*Stored data*.
◆ ◆ ◆ ◆ ◆ ◆ ◆

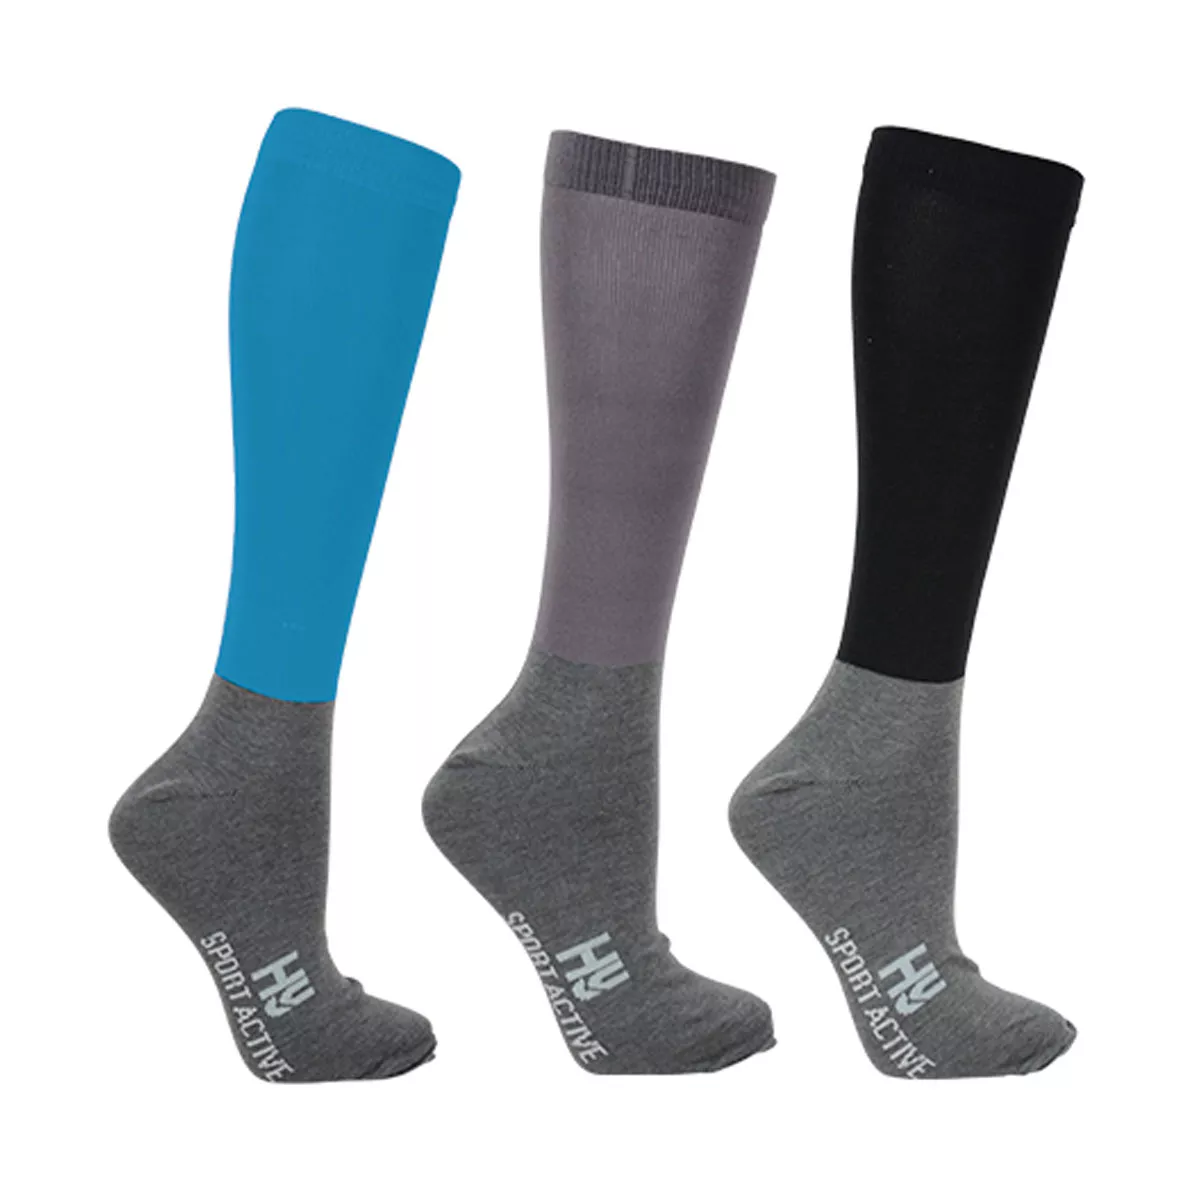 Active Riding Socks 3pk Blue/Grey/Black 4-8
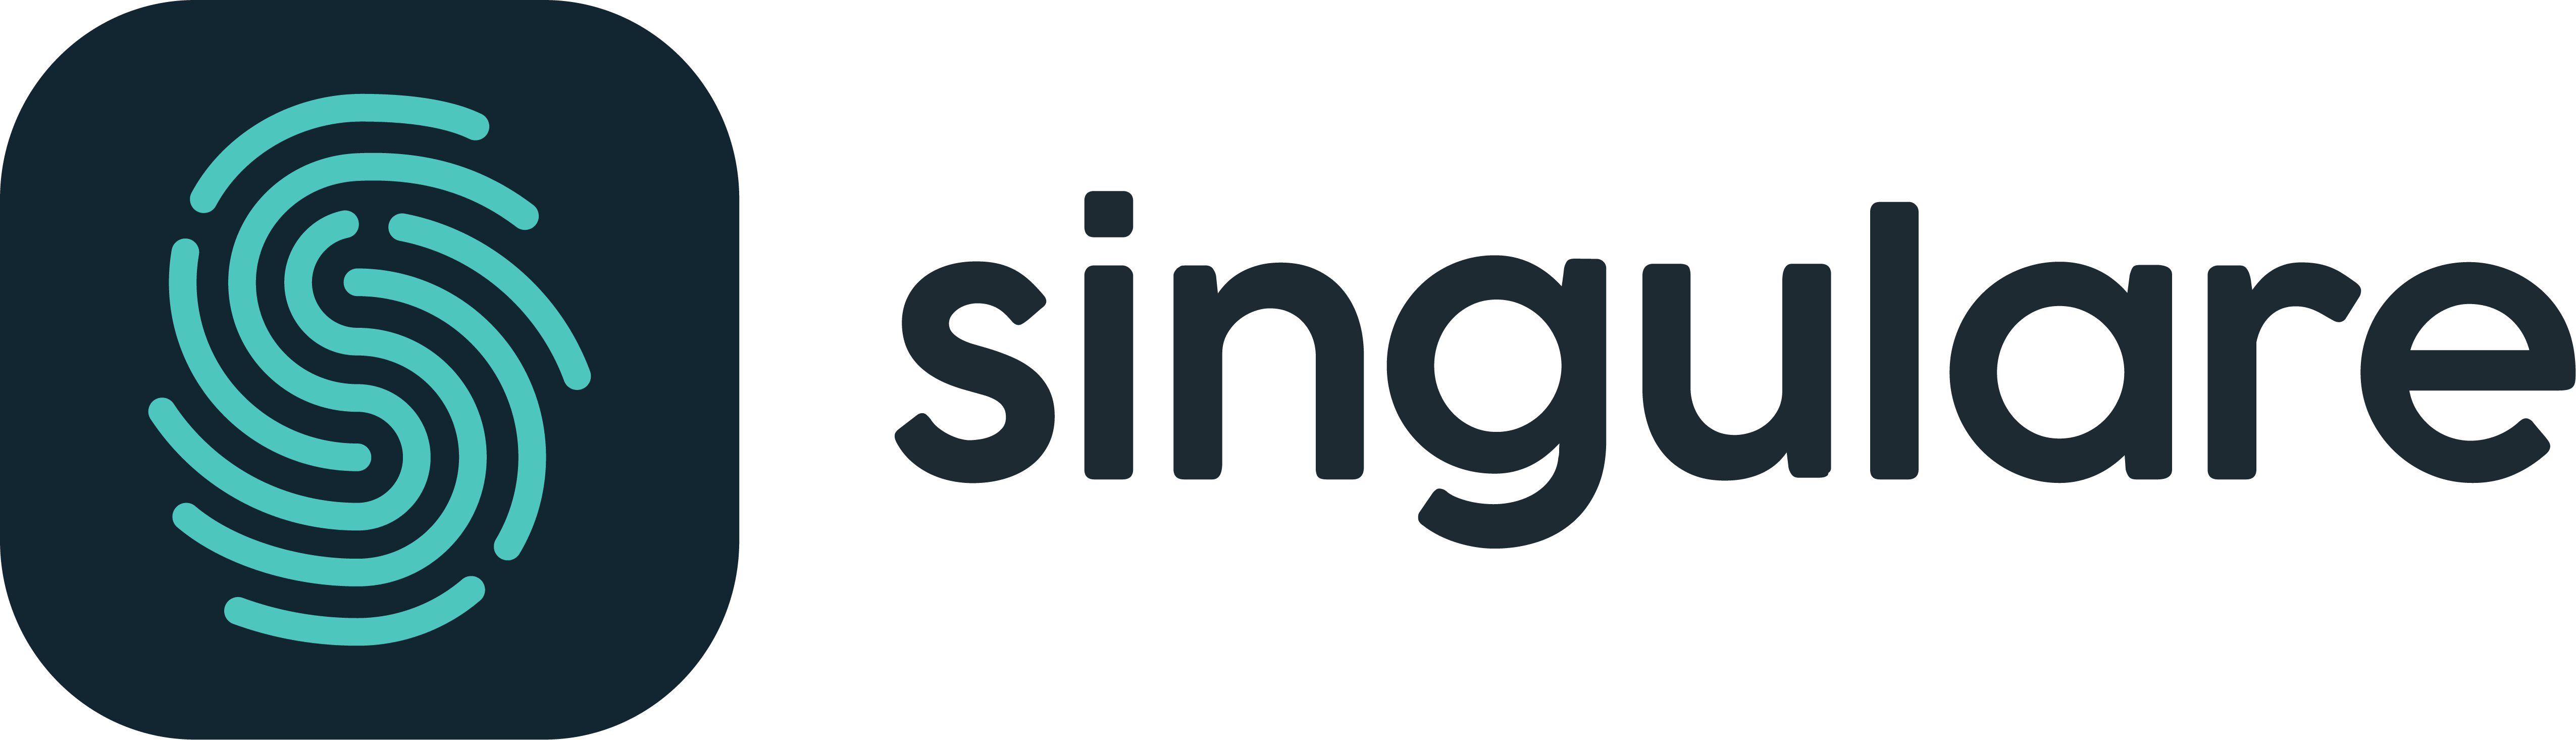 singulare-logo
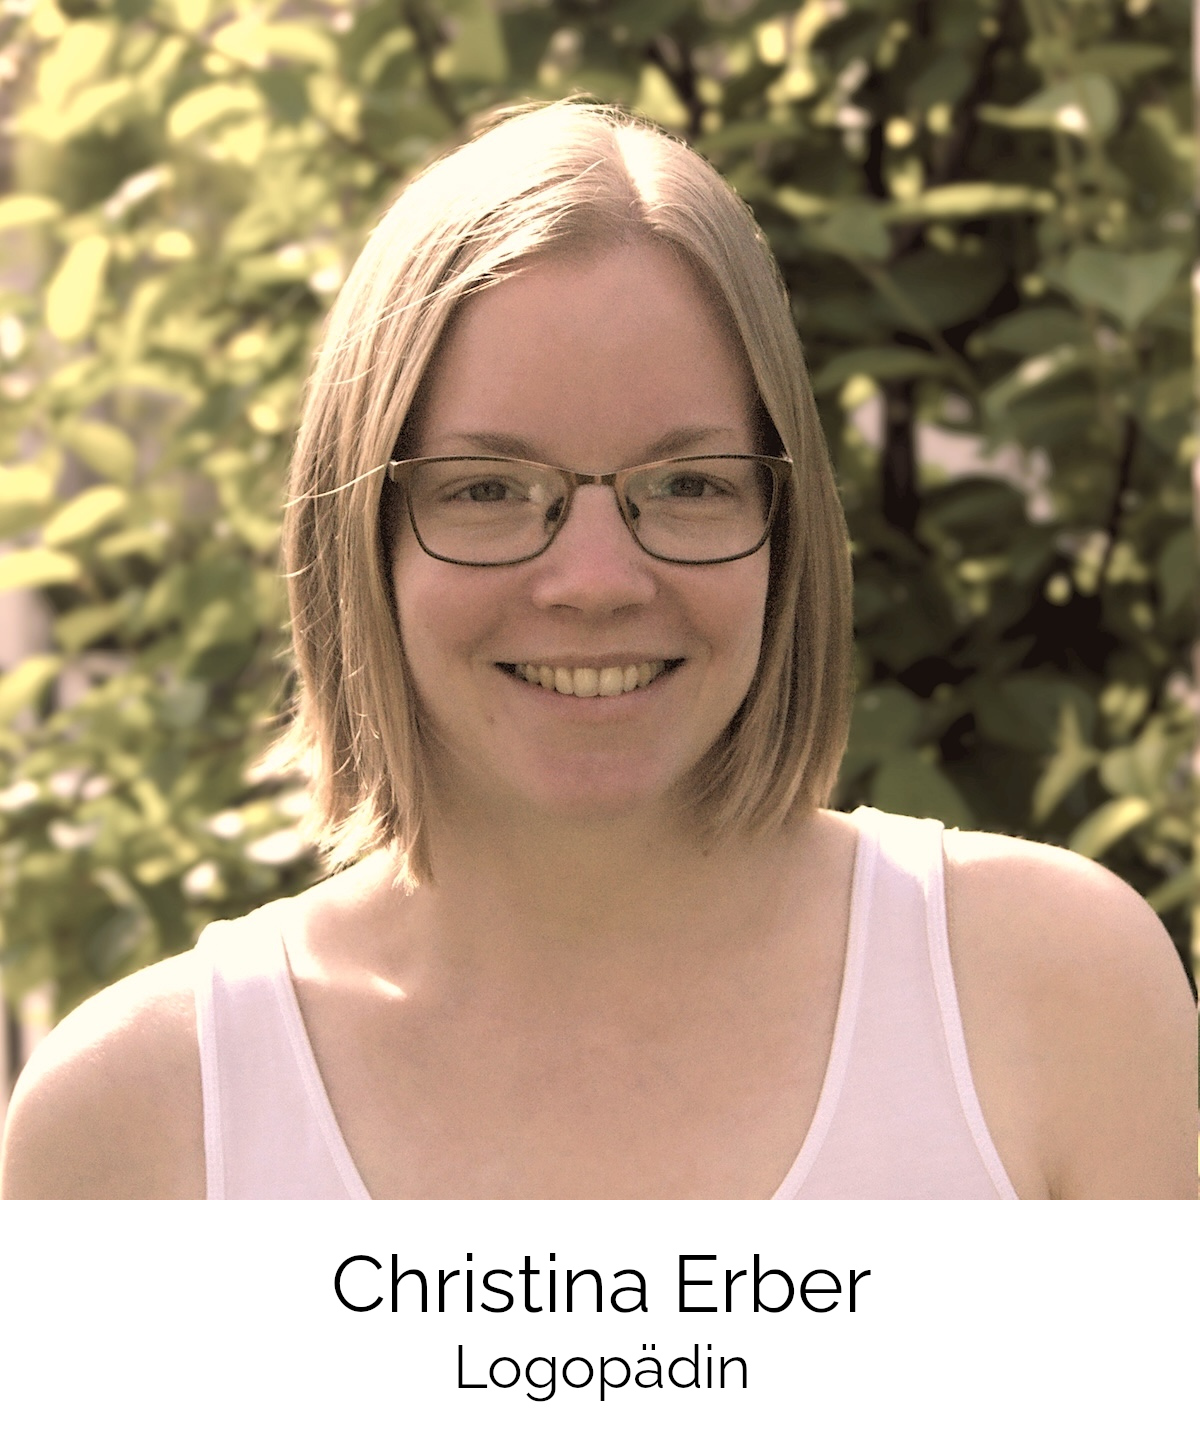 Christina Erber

◆ ◆ ◆ ◆ ◆ ◆ ◆

*What you have to do*.
Please print the data above once more, exactly and without images.

*Reply*.
 Active Riding Socks 3pk Blue/Grey/Black 4-8
 singulare-logo
 Christina Erber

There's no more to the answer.